On Thursday, 18 June, Ascot racecourse will fall quiet for a few short minutes before the stands erupt, as the cream of the staying division lines up for the Gold Cup. Run over a gruelling two miles and four furlongs, it is a test of stamina, class and patience in equal measure, and the winner almost always ranks as one of the best out-and-out stayers in training.

Racing fans will be poring over every angle to find the winner, especially with last year’s record-breaking hero Trawlerman not certain to defend his crown after missing his intended prep runs, and Aidan O’Brien’s Scandinavia emerging as the would-be new king of the stayers. To cut through the noise, we have fired up our supercomputer to assess which horse has the best chance of winning the 2026 Gold Cup.

How The Supercomputer Works

The data experts at irishracing formulated a complex and industry leading algorithm to best assess the chances of the competing horses in the 2026 Ascot Gold Cup.
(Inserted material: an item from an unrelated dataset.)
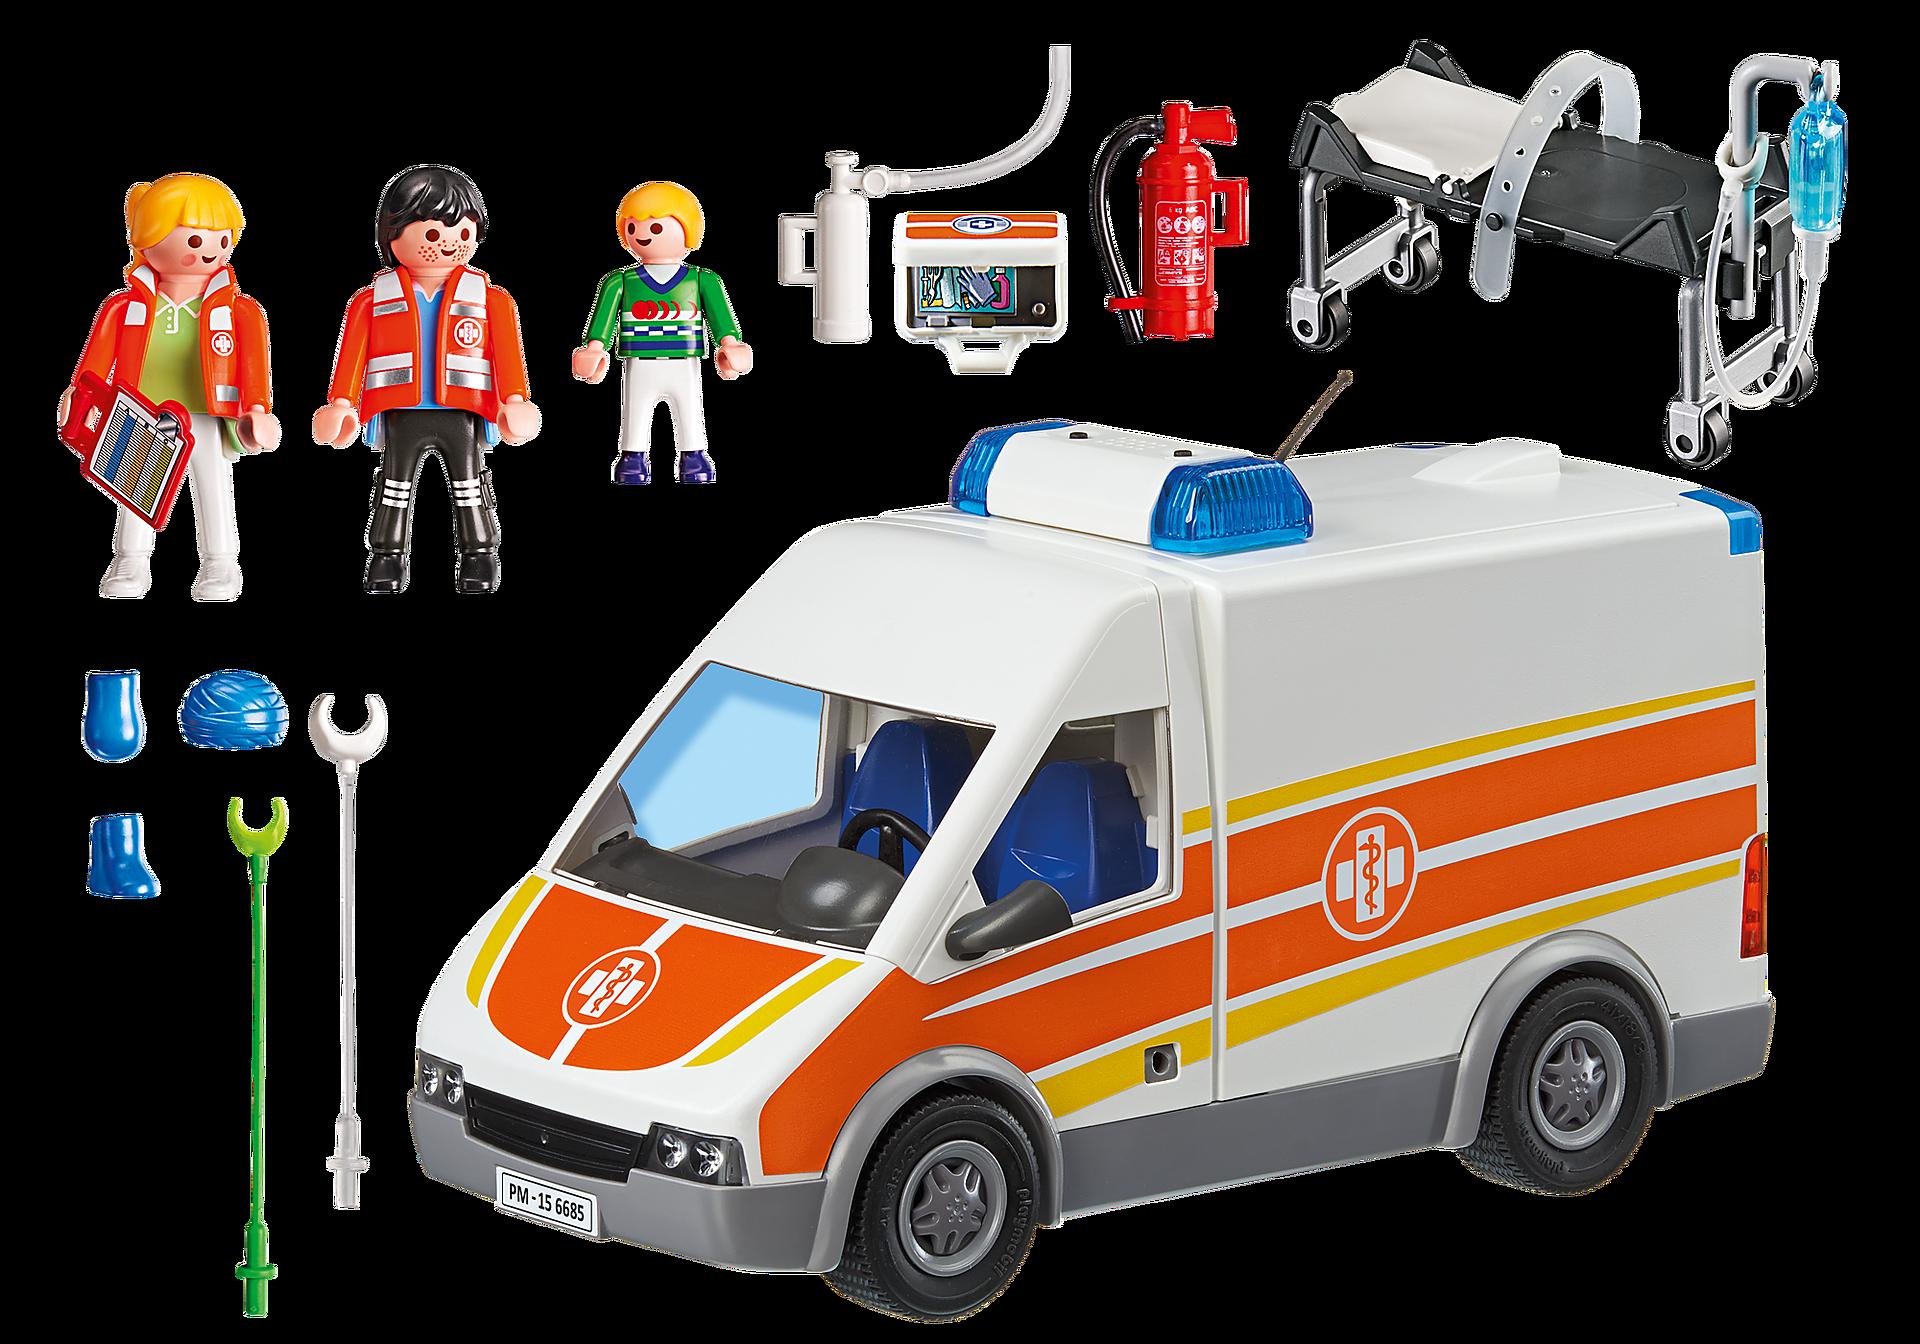 http://media.playmobil.com/i/playmobil/6685_product_box_back/Ambulancia con Luces y Sonido

The algorithm runs multiple steps and takes into account different factors, before running the simulations and generating the winning probabilities of all competing horses.

To work that out, it does three things:

- It learns what a winner looks like. The model studies past Royal Ascot staying winners and builds a picture of their key traits - things like age, weight, how highly regarded the horse was among that year’s field, and whether they had already proved themselves over the race’s gruelling two-mile-four-furlong trip.

- It compares each 2026 runner to those winners. Every horse in this year’s field is measured against those proven winning profiles and scored on how similar it is to its closest historical match. Crucially, there is more than one way to win a Gold Cup — a lightly-raced young improver and a tough, battle-hardened veteran can both fit a winning mould. So a horse only needs to strongly resemble one type, not all of them.

- It turns the scores into percentages. Finally, those similarity scores are converted into win probabilities that add up to 100% across the race. This step accounts for the strength of the field: a horse can be a near-perfect match for a past winner, but if it is up against several other top-class rivals, its individual chance of winning still comes down.

Some traits matter more than others, so the model gives extra weight to how highly a horse is regarded against its rivals and to whether it has already won over the race’s demanding distance. The end result is a single Winning Chance Score for every runner, shown as a percentage in the table below.

Supercomputer predictions for the 2026 Gold Cup

According to our supercomputer’s simulations, Aidan O’Brien’s Scandinavia is comfortably the favoured horse, with a winning probability of 18.27 percent. Last season’s Irish St Leger winner is the model’s clear pick to follow up and stake his claim as the new staying champion.

Behind him the picture is far tighter. Roger Varian’s recent Yorkshire Cup scorer Rahiebb is rated the chief threat on 12.52 percent, with Sir Mark Prescott’s Consent (12.20 percent) and last year’s winner Trawlerman (12.09 percent) separated by the finest of margins. Trawlerman remains a doubtful runner after missing his intended prep races, so his place in the final field is not assured.

Further down the list of entries, O’Brien’s Illinois (8.23 percent) and Lambourn (7.53 percent) head the second tier, while the Gosden-trained Sweet William (7.29 percent) and George Scott’s Caballo De Mar (6.75 percent) emerge as the pick of the remainder. At the foot of the field, several potential runners are given next to no chance of springing a surprise.